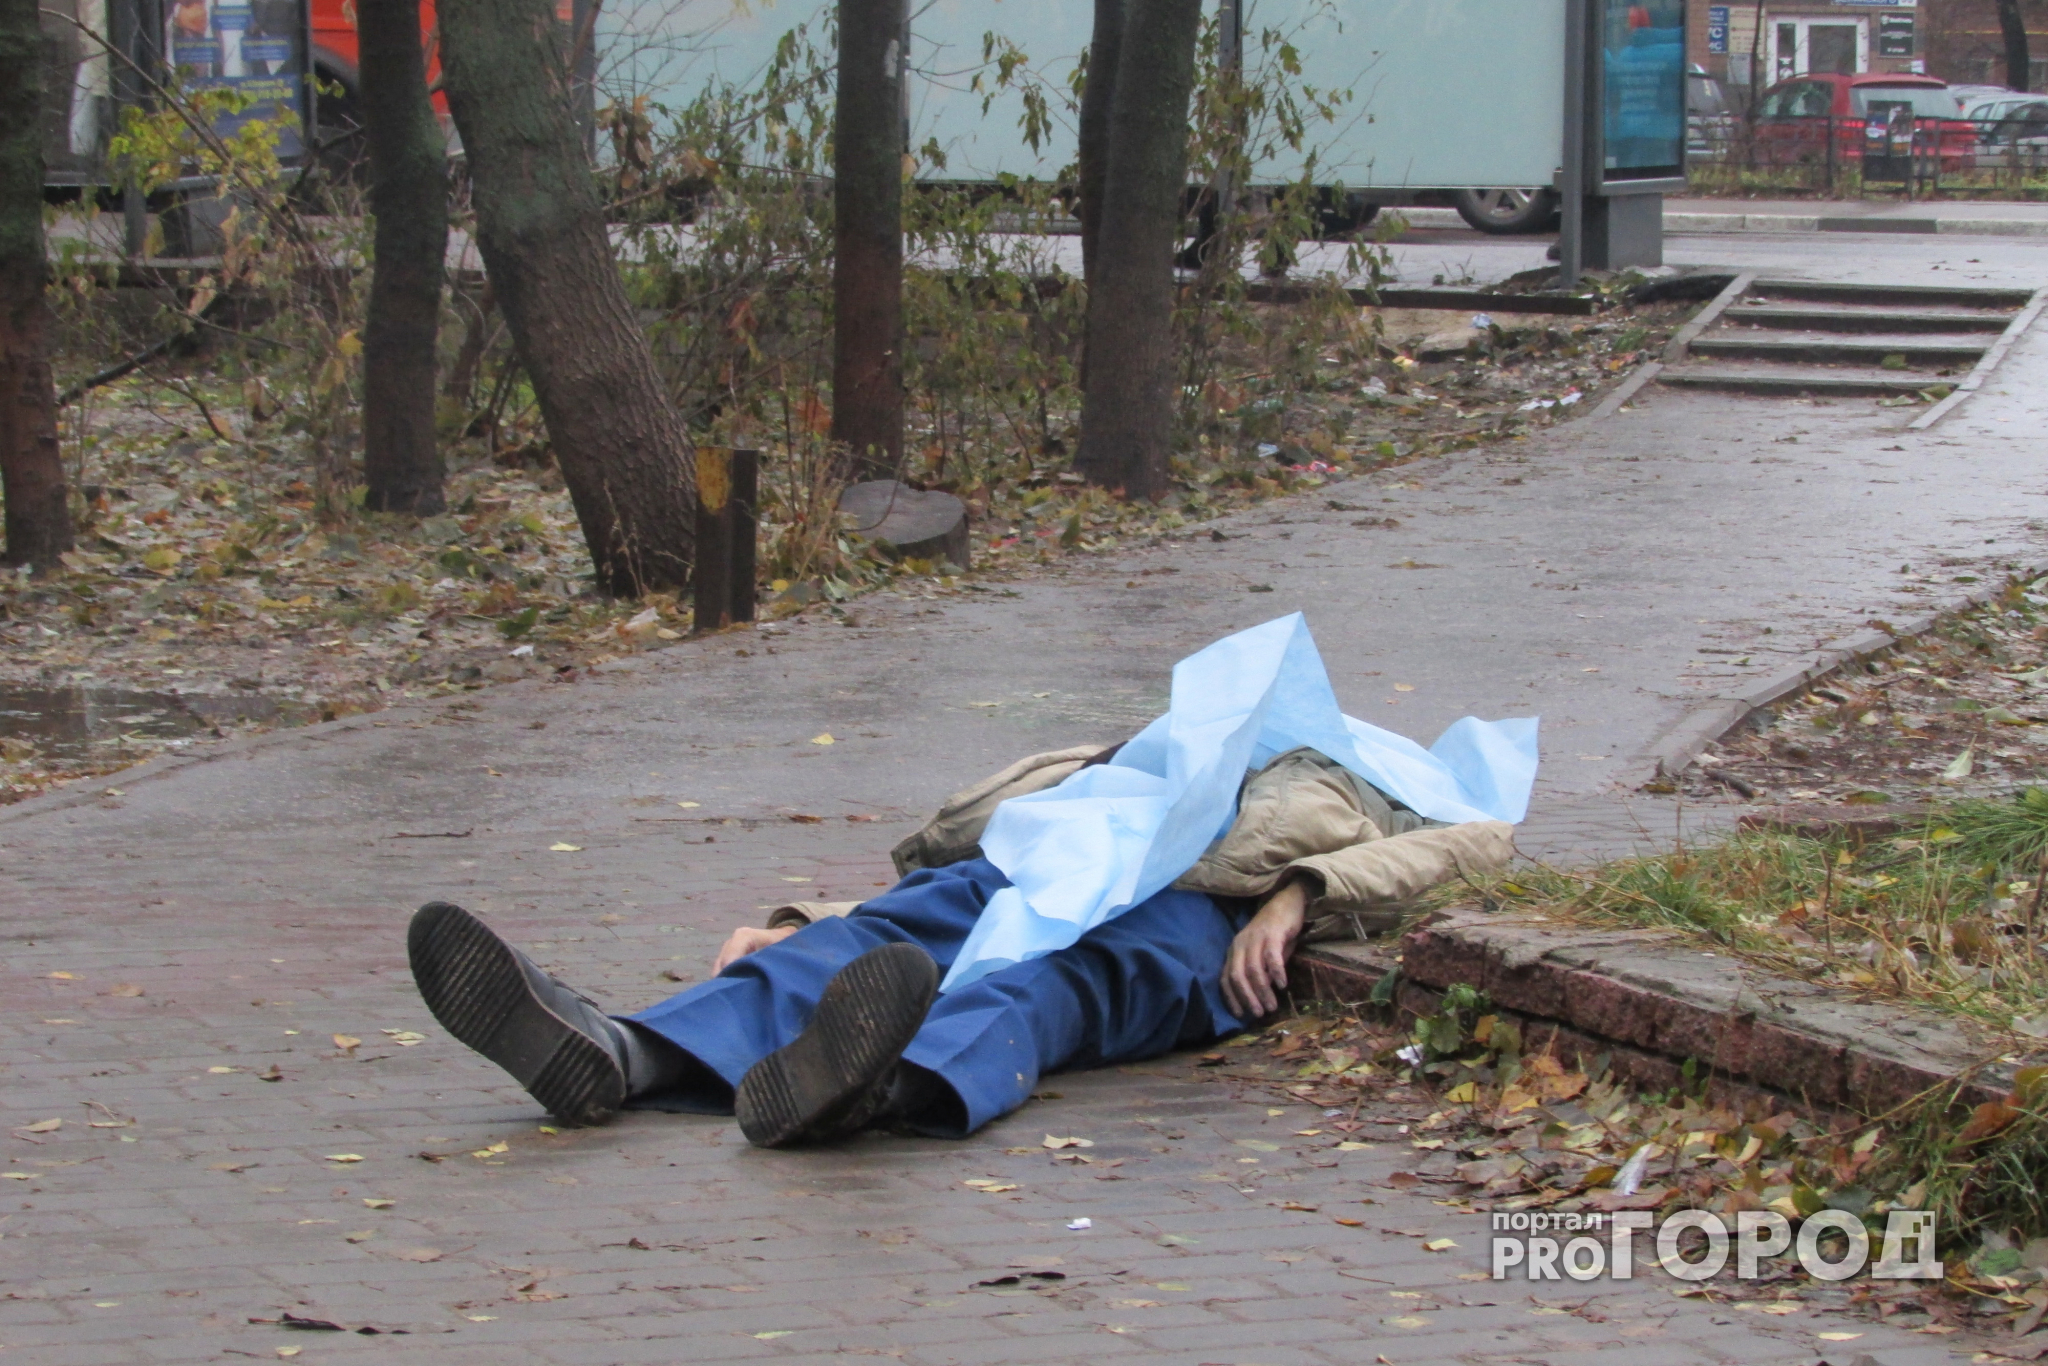 Жители Владимира стали свидетелями смерти мужчины на улице в Добром
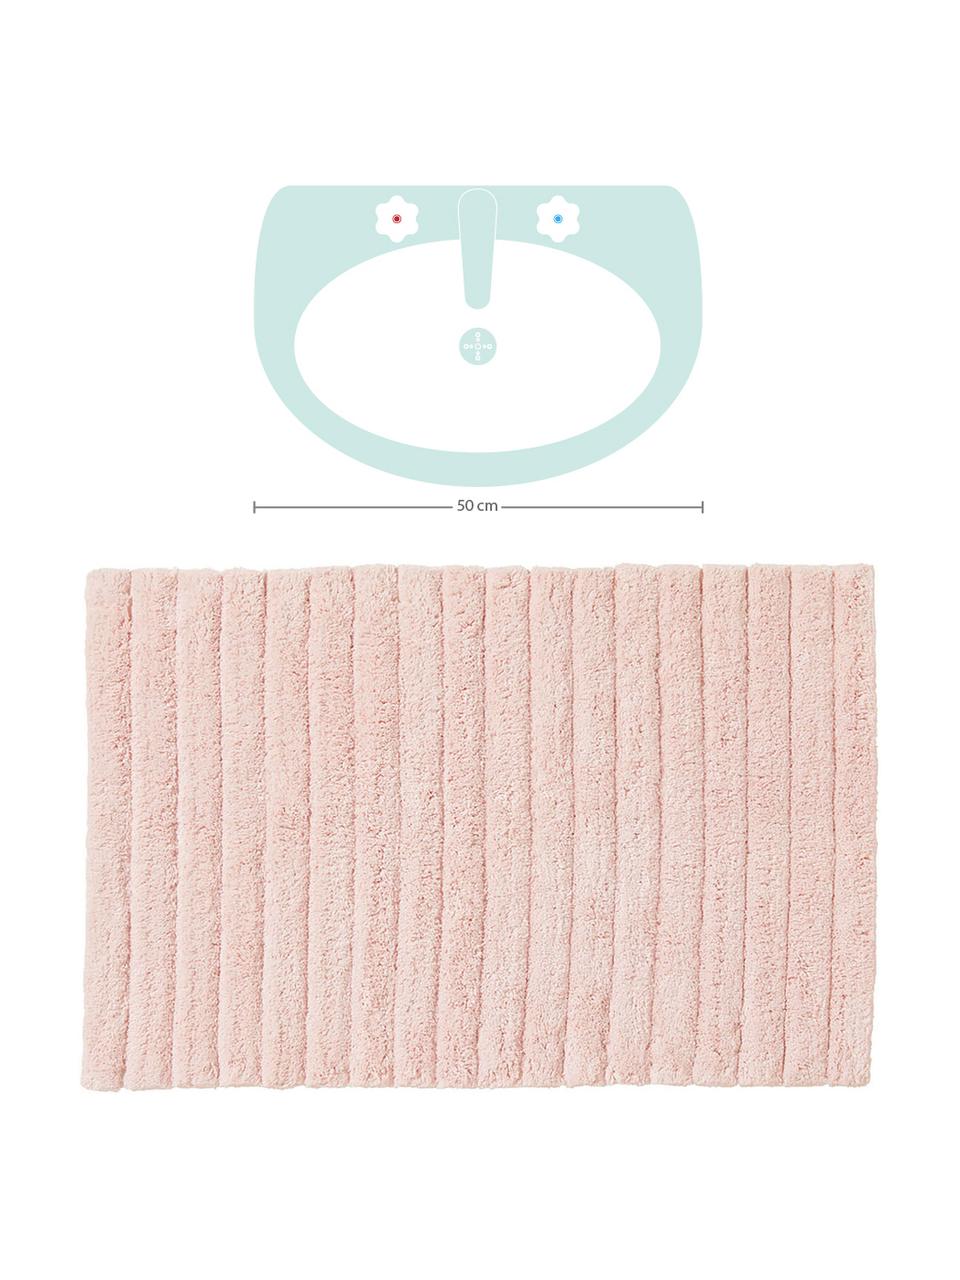 Tapis de bain moelleux rose Board, Coton,
qualité supérieure, 1900 g/m², Rose, larg. 60 x long. 90 cm
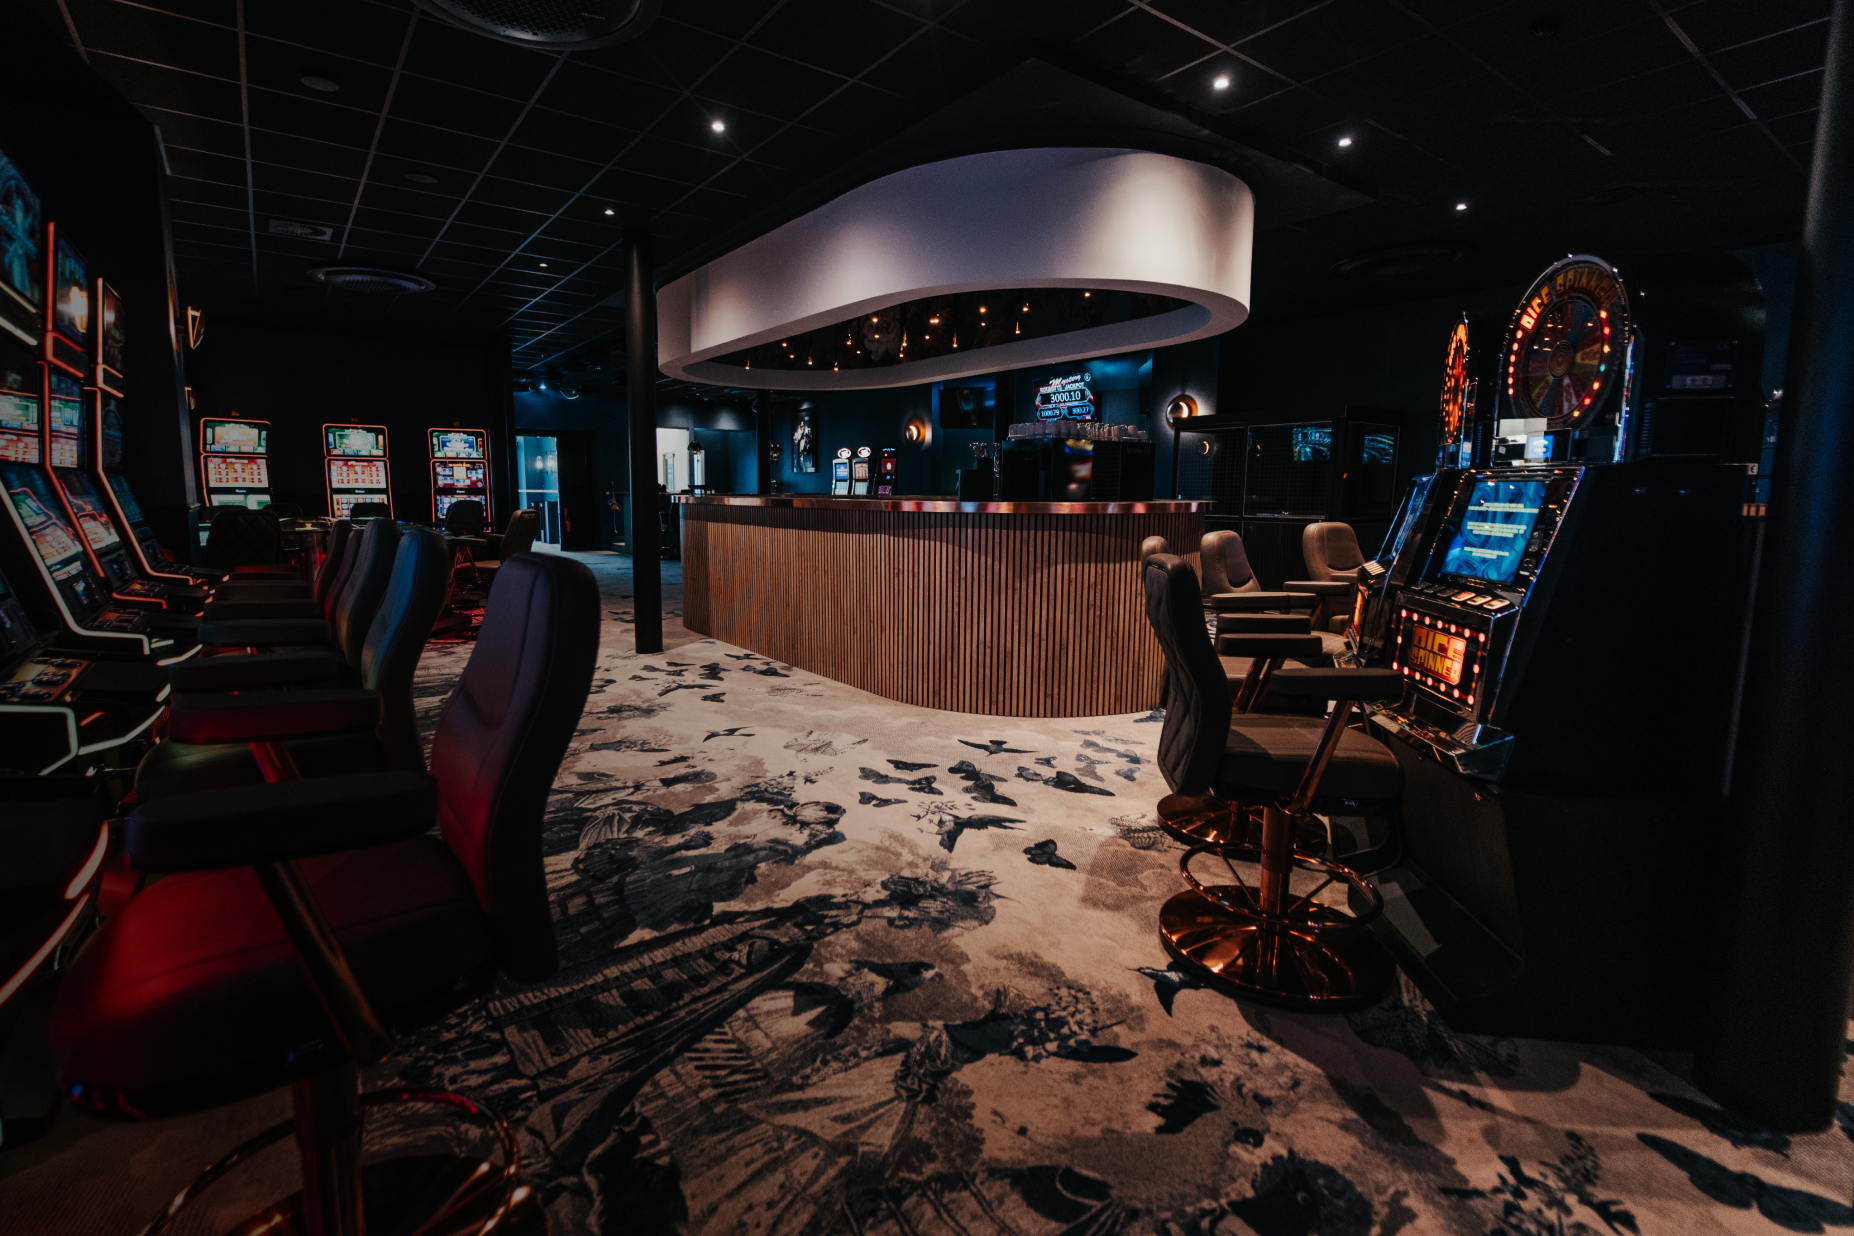 Plan de vue large du casino montrant le bar et les jeux

Task description:
Return exactly the lines starting at the line with "Tapis de bain" and ending at the last line of the listing, both ends included; pictures are to be left out.

Your response:
 Tapis de bain moelleux rose Board, Coton,
qualité supérieure, 1900 g/m², Rose, larg. 60 x long. 90 cm
 Plan de vue large du casino montrant le bar et les jeux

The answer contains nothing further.